Stone Crabs: One Last Splurge

Happy 2009! Can you believe it?

Well, here goes: this year I will try to- be more frugal; stick to a diet; be more patient; listen; pour more love and encouragement on those precious to me; be a better friend. These are not resolutions but merely a little list for myself. I think I can manage to accomplish most of it. The hardest part for me is always dieting. Not so easy.

My daughter will be returning to New York City Monday.... I will miss her very much. She has a contemporary art gallery there (see "My Favorite Websites" below) and the art market has not been all that great lately. I am crossing my fingers that all the naysayers will be wrong in their predictions for 2009. This gallery is Tracy's dream and she works like mad to make it a success, which it has been for several years. I know, everyone is having problems with the economy and everyone is working hard to keep their dreams alive. But we mothers worry about all our kids, we can't help it and no matter how grown up they are, this will never change. I worry about my sons just as much. Little kids, little problems; big kids, big problems. Can't remember where I first heard that, but it sure is true.

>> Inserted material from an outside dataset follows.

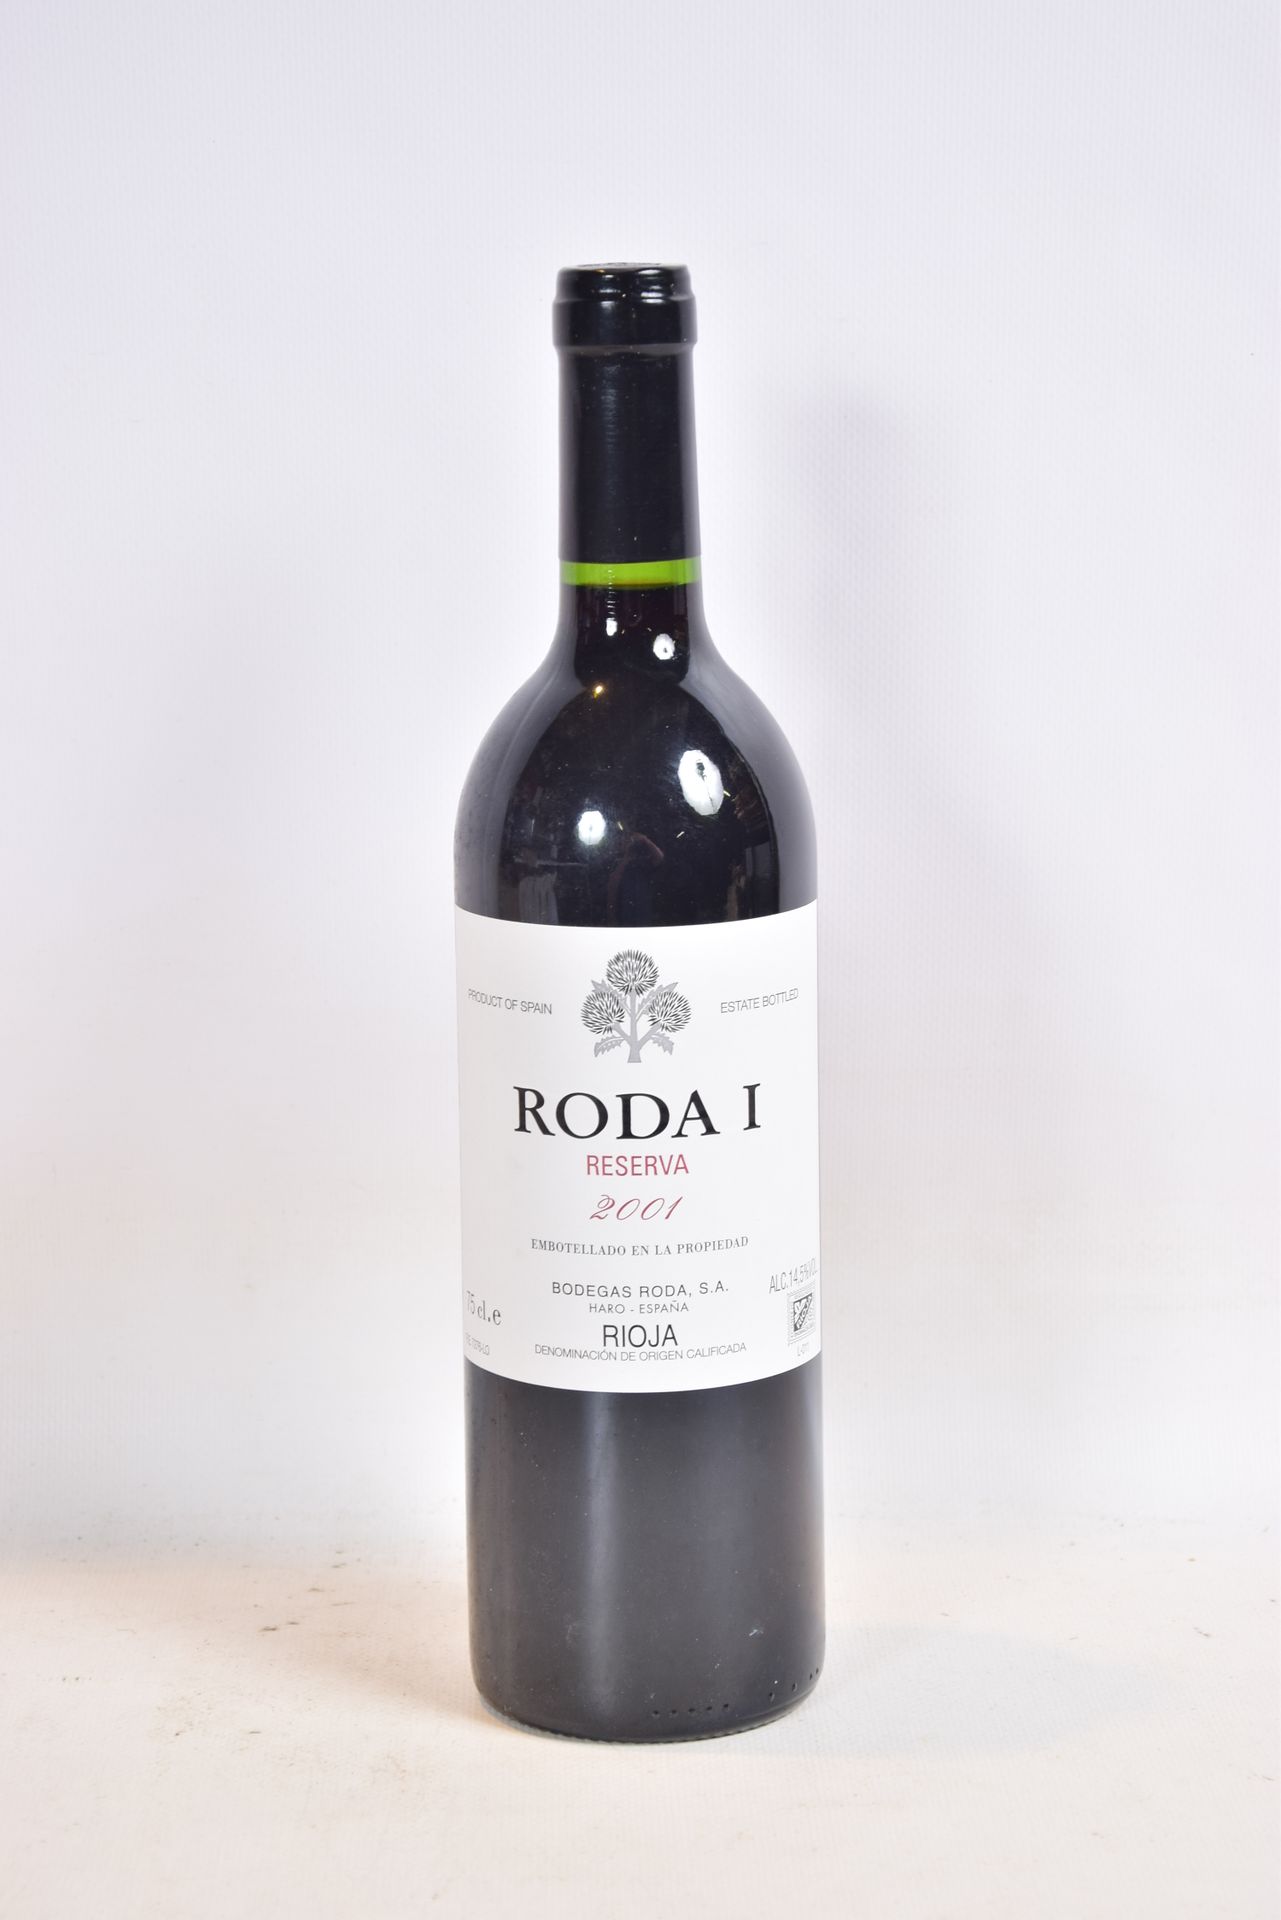 Null 1 Blle	Rioja RODA 1 Reserva mise Bodegas Roda (Espagne)		2001

	Présentatio&hellip;

So, in keeping with our diet promises (But our frugal promises? Not so much.) I decided to surprise Tracy on New Year's Day with her all-time favorite: stone crabs. Delicious and aren't the colors to die for? And best thing yet, no work. They are cooked and cracked and ready to go.


To accompany, we always use a recipe I found years ago in the Miami Herald for Joe's Mustard Sauce. The Joe I speak of is -need I say it- Joe's Stone Crab, the famous Miami restaurant where stone crabs are king. And the rest of their food is pretty regal too. Now I have no idea if this recipe is really Joe's or not. The paper claimed it was and we think it's pretty close to the real thing, so that's what we call it, with mea culpas to Joe's if it's not.

Joe's Mustard Sauce

Ingredients:
3 and 1/2 teaspoons dry English mustard (like Coleman's)
1 cup mayonnaise
2 teaspoons Worcestershire sauce
1 teaspoon A-1 sauce
1/8 cup light cream
1/8 teaspoon salt

Method:
In a small bowl beat the dry mustard and mayonnaise until blended. Add remaining ingredients and chill until ready to serve. Makes 1 cup.


We needed a salad as well, so I made some Broccoli Slaw. It's pretty, you can make it ahead, although it is a simple recipe to begin with, tasty and the perfect foil for the stone crabs. My friend Polly originally gave me the recipe so I named it after her. You don't need another thing- perhaps some white wine and for those who wanted dessert I pulled out what was left of my Apricot and Nut Cookies. Yum! What a great start for 2009.

Polly's Broccoli Slaw

Ingredients:
1 pound broccoli slaw (you can find it in your market)
1 package cole slaw
6 green onions, sliced
2 tablespoons sesame seeds, toasted
1/2 cup slivered almonds, toasted
2 packages ramen chicken soup mix
1 1/2 cups salad oil
2 1/2 Tablespoons sugar
2 teaspoons salt
1 teaspoon pepper
6 tablespoons red wine vinegar

Method:
Mix the first five ingredients and refrigerate. Make a dressing with oil, vinegar, sugar, salt and pepper and 1 1/2 packages of the seasoning mix in the soup packet. Mix well. Just before serving, crunch up the noodles of both packages and add to the slaw. (I put them in a plastic bag and pound them with my rolling pin) Pour dressing over and serve.